I think this debate is based on a false counterposition, or equivalently, a layer violation.
Graph databases have become a practical category because they do quite a few things better than SQL databases. If that wasn't true then this debate wouldn't be happening. It does not follow that they do everything better, nor does it follow that SQL databases can't catch up. And it certainly doesn't follow that you can't build a graph database on an SQL engine. What is true is that it took graph databases to get SQL to wake up to graph data. It's great to see someone like Andy so revved up about beating "native" graph databases from a performance perspective: the result of this focus and this kind of competition can only be ... better graph databases.
A graph database is characterized by the data model and the surfaces (APIs) used to maintain and query the data. There are many implementation strategies, and I suspect that Jim is right -- for different kinds of "graph natural" workloads, different implementation strategies may yield better or worse results. The equation of graph database with graph analytics engine stacks things in one way. Equally, it's plausible that SQL TP engines are likely to contain many features that can be leveraged by graph OLTP databases.
For a lot of use-cases, many people find the property graph data model is a more intuitive (more abstract) way of conceiving of information represented as data than the relational (or SQL tabular) model. It's closer to the conceptual data models that people start with when they want to model an information space (like ERM); it's closer to the pictures we draw of entities and relationships even if we have no formal training in data modelling. And, graph queries based on matching pattern graphs against data graphs to yield collections of subgraphs are a very compact and obvious way of expressing complex joins, including recursive joins. [Note that the CWI work does not map variable-length Kleene-* path matches to recursive SQL queries, by the way]. Insert/merge operations can be thought of establishing or modifying sub-graphs, rather than as decomposed elementary operations. These features lead to more compact declarative query statements: the use of patterns to suggest pictures of data is a powerful advance on "structured English".

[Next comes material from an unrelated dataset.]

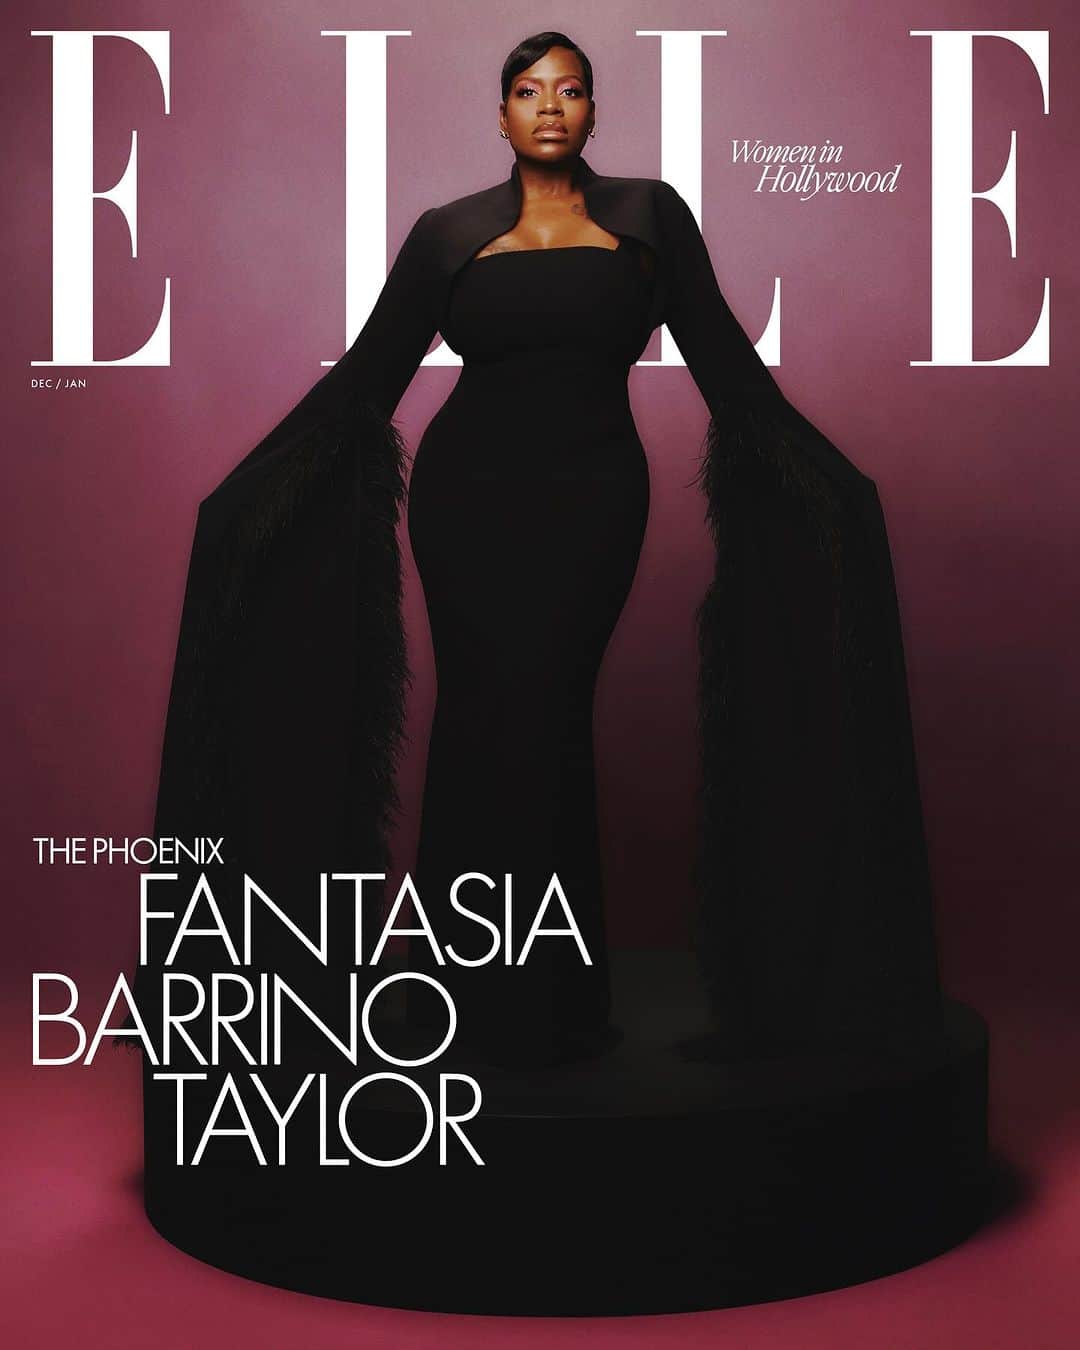 ELLE Magazineさんのインスタグラム写真 - (ELLE MagazineInstagram)「ELLE’s Women in Hollywood make up some of the best and brightest women in the industry. After 20 years of hustle, #TarajiPHenson is using her platform to help others. The Boris Lawrence Henson Foundation, named after her late father, works to destigmatize mental health care within the Black community. “I’m grateful that acting led me to a larger life purpose.” #EvaLongoria stepped into a new role as the director of her first feature film, #FlaminHot. “I couldn’t fail at my first movie—that wasn’t an option for me, because then I wouldn’t get a second chance,” she says. And #FantasiaBarrinoTaylor’s having a career resurgence, playing Celie in the new movie musical adaption of #TheColorPurple. “I’m in a better state of mind," she says. "I’m ready for Hollywood now. I was not ready for Hollywood when I was 19.”   Read more about #ELLEWIH at the link in bio.  –  Our editors worked directly with the Screen Actors Guild during its recent strike to make sure we could honor women in Hollywood while still adhering to union guidelines.  ELLE: @elleusa Editor-in-Chief: Nina Garcia @ninagarcia Talent: Taraji P. Henson, Eva Longoria, Fantasia Barrino Taylor @tarajiphenson @evalongoria @tasiasword Photographer: Adrienne Raquel, Zoey Grossman @adrienneraquel @zoeygrossman Stylist: Zerina Akers @zerinaakers and Wayman + Micah, Alex White, @waymanandmicah @alexwhiteedits Writer: Juliana Ukiomogbe, Adrienne Gaffney, Danielle James @juliana_uki @theislandiva Hair: Tym Wallace at Mastermind MGMT, Teddy Charles at Nevermind Agency, Nikki Nelms for SheaMoisture @tymwallacehair @mastermind_mgmt @teddycharles35 @nikkinelms @sheamoisture Makeup: Saisha Beecham at Artists Management Co LA, Pati Dubroff for Forward Artists, Rokael at Rokael Beauty @saishabeecham @artistmanagementmiami @patidubroff @forwardartists @rokaelbeauty Manicure: Temeka Jackson at A-Frame Agency, Ashlie Johnson at The Wall Group, @customtnails1 @aframe_agency @ashlie_johnson @thewallgroup Production: Anthony Federici at Petty Cash Production, Lola Production @thesaintsalome @petty_cash_production @lolaproduction Set design: Bryan Porter at Owl and the Elephant Set: Kelly Infield @kellys_phone」11月30日 22時00分 - elleusa

SQL databases, as they have evolved in the last forty-plus years, have tended to spurned "graph APIs". The reason that a graph API has appeared in SQL is because languages like SPARQL, and especially Cypher, have caught the imagination of users (and of not a few database engineers). So here, at least, we ought to give credit to graph databases for moving things forward.
SQL/PGQ is, as Andy points out, a language that "quotes" GQL. It is a foreign function mechanism. A graph view is defined over the SQL schema (and that view is not a mechanical transposition of the referential integrity graph formed by FK relationships; it is a true view allowing a quite different data model to be offered). The guts of the PGQ query is a graph pattern match, and that is written in a sub-language of GQL. But an update to the graph view must be carried out by modifying the base tables which underly the graph view, using regular SQL DML verbs. This means that there is a sharp mismatch between querying and maintaining the data. Now, if SQL/PGQ were enhanced to support graph pattern-based updates of the graph view, then the result would be that SQL quoted even _more_ of GQL. This would tend to push the "relational engine" underneath into being a GQL engine, not a SQL engine.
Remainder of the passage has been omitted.